Светлый фон

Повернулся и пошёл покойно, плавно, как человек, в душе у которого тревог и сомнений нет, да и не было. Складки его рясы лежали строго, неколебимо. Монахи остались посреди двора. Порфирий поглядел вслед игумену, и у глаз старого монаха прорезались морщины, как ежели бы он что-то прикидывал в уме, примеривал, соображал. А настоятель монастыря уплывал дальше и дальше безмятежной, покоящей грузное, сытое тело походкой.
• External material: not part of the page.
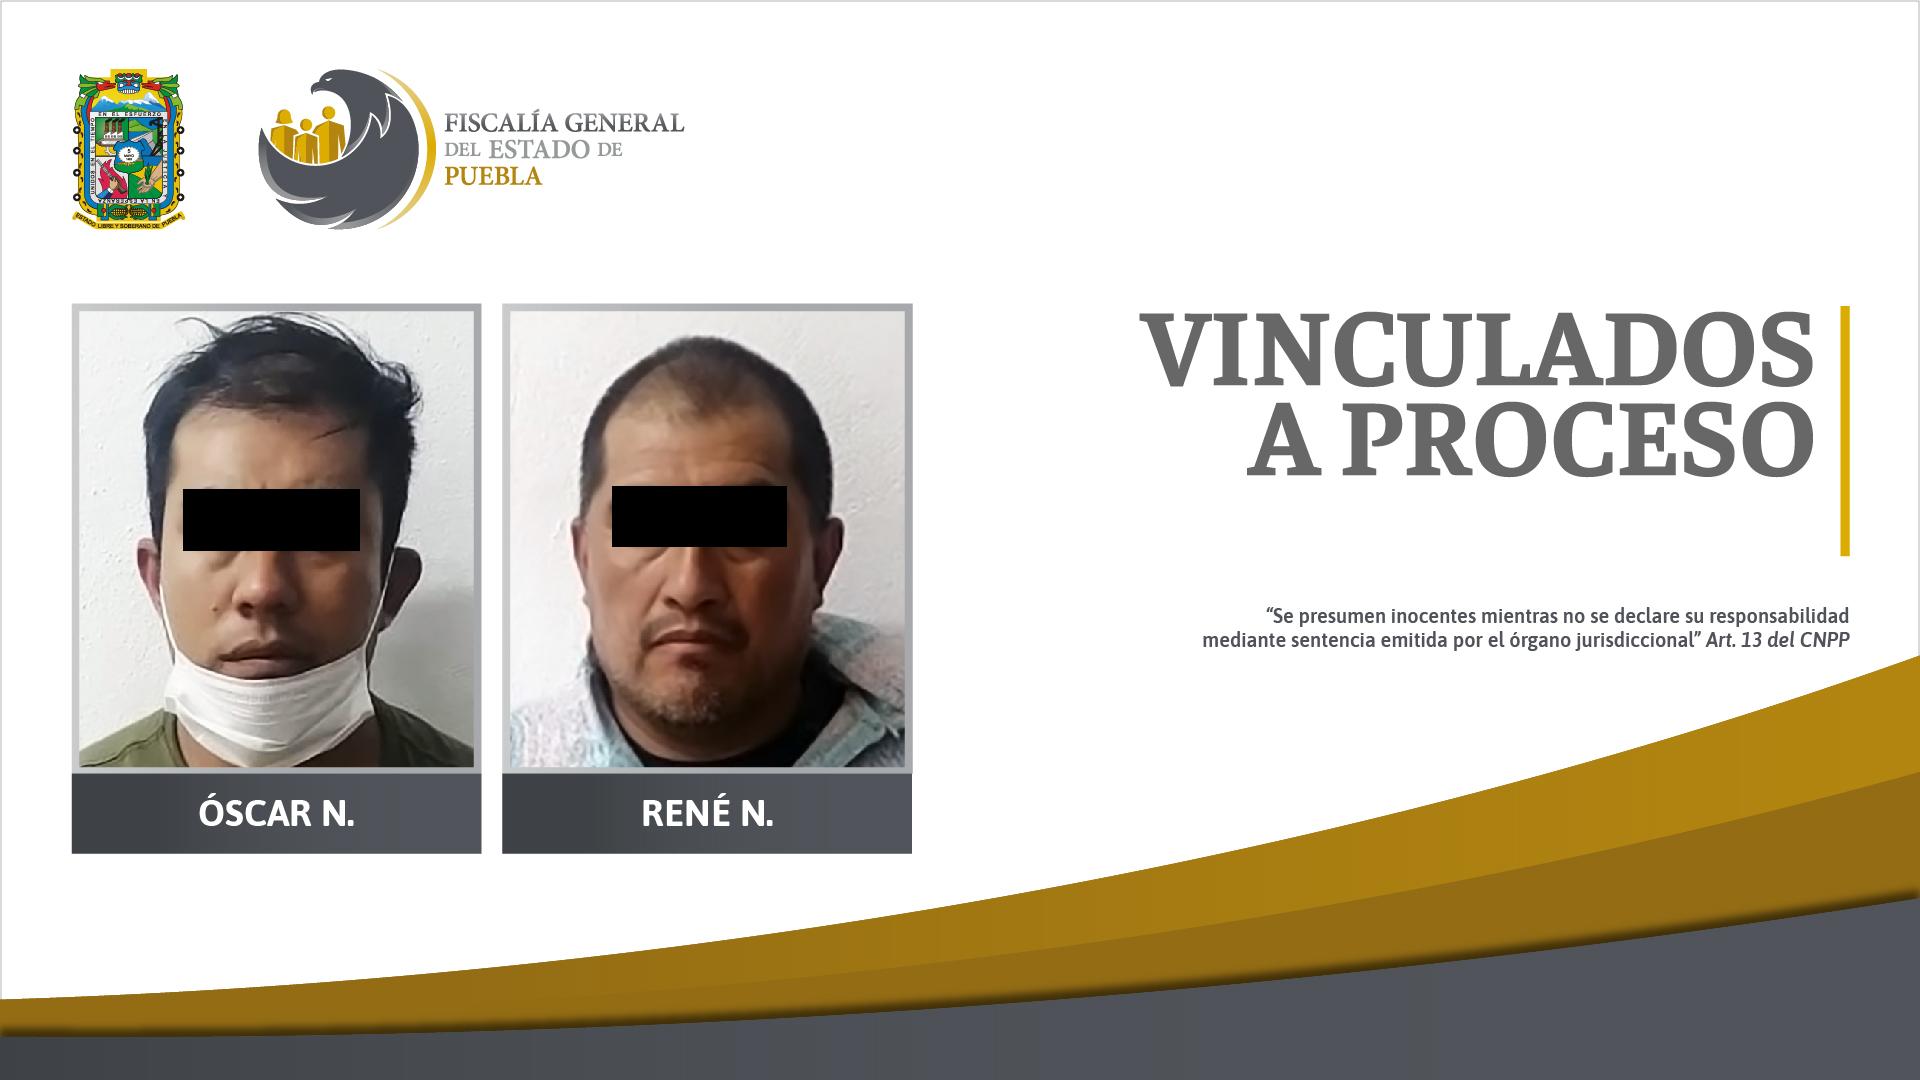 VaP Óscar René N

— Кхм, — кашлянул Порфирий и, повернувшись, сказал: — Пошли, однако, похлебаем горячего.

Щи им дали добрые и прямо с пылу — рот обжигало. Хлебали из большой чашки вкруг. Порфирий ел в охотку, даже рукава рясы подвернул. Неожиданно тощий монах спросил:

— А что игумену обсказать хочешь?

И ложка у него в руке застыла, до рта не донёс, ждал ответа. Но Порфирий будто не слышал вопроса, хлебал, не пропуская своей очереди. Щи, видно, по вкусу ему пришлись. И только через время, положив ложку и обметя крошки с бороды, ответил:

— Ты вот хлеб со стола брал и больший кусок ухватил. — Мотнул головой. — Я не сужу. Знаю: оно само собой выходит, что рука больший кусок выбирает. — Улыбнулся скорбно.

У тощего монаха глаза расширились: при чём-де он и кусок? На то Порфирий сказал:

— Москва ныне на многое замахнулась, — вздохнул, — а рука у каждого к себе кусок тянет, к себе… Да тот ещё, что поболее. Вот я всё о том и мыслю. — И опять губы его сложились безрадостно.

Тощий скребнул ложкой о дно чашки, пошлёпал синим ртом, сказал:

— Богохульствуешь. Всё от бога. Богохульствуешь, Порфирий.

И видно было — озлился. Даже хрящеватые уши монаха назад оттянулись, бровь над нездорово заблестевшим глазом прыгала.

Порфирий, отворачивая рукава рясы, ничего не ответил. Степан водил взглядом от одного монаха к другому, и почему-то старый Порфирий был ему ближе, хотя речи его он не понял.

В тот же день, к вечеру, Степана свезли в дальнюю деревеньку к монастырским табунам. Привёзший его монах, передавая мужика с рук на руки табунщику, сказал:

— Игумен велел: пускай пасёт лошадок, как прежде. А там видно будет. — И уехал.

Табунщик повёл Степана в шалаш, крытый корьём и строенный по-татарски — с открытым верхом. В просвет проглядывало сумеречное небо. Посреди шалаша горел костерок, дым струйкой утекал в свод. Наскучавшись без людей и зная, что Степан побывал в самой Москве, табунщик, едва сели к костру, спросил:

— Ну как там?

— А ничего, — устало ответил Степан.

— Но всё же, — добивался табунщик, катнув упрямые желваки на скулах, — небось…

— Царь у нас иной теперь, — сказал Степан, глядя на табунщика поверх костра. — Борис. И царица иная. Мария.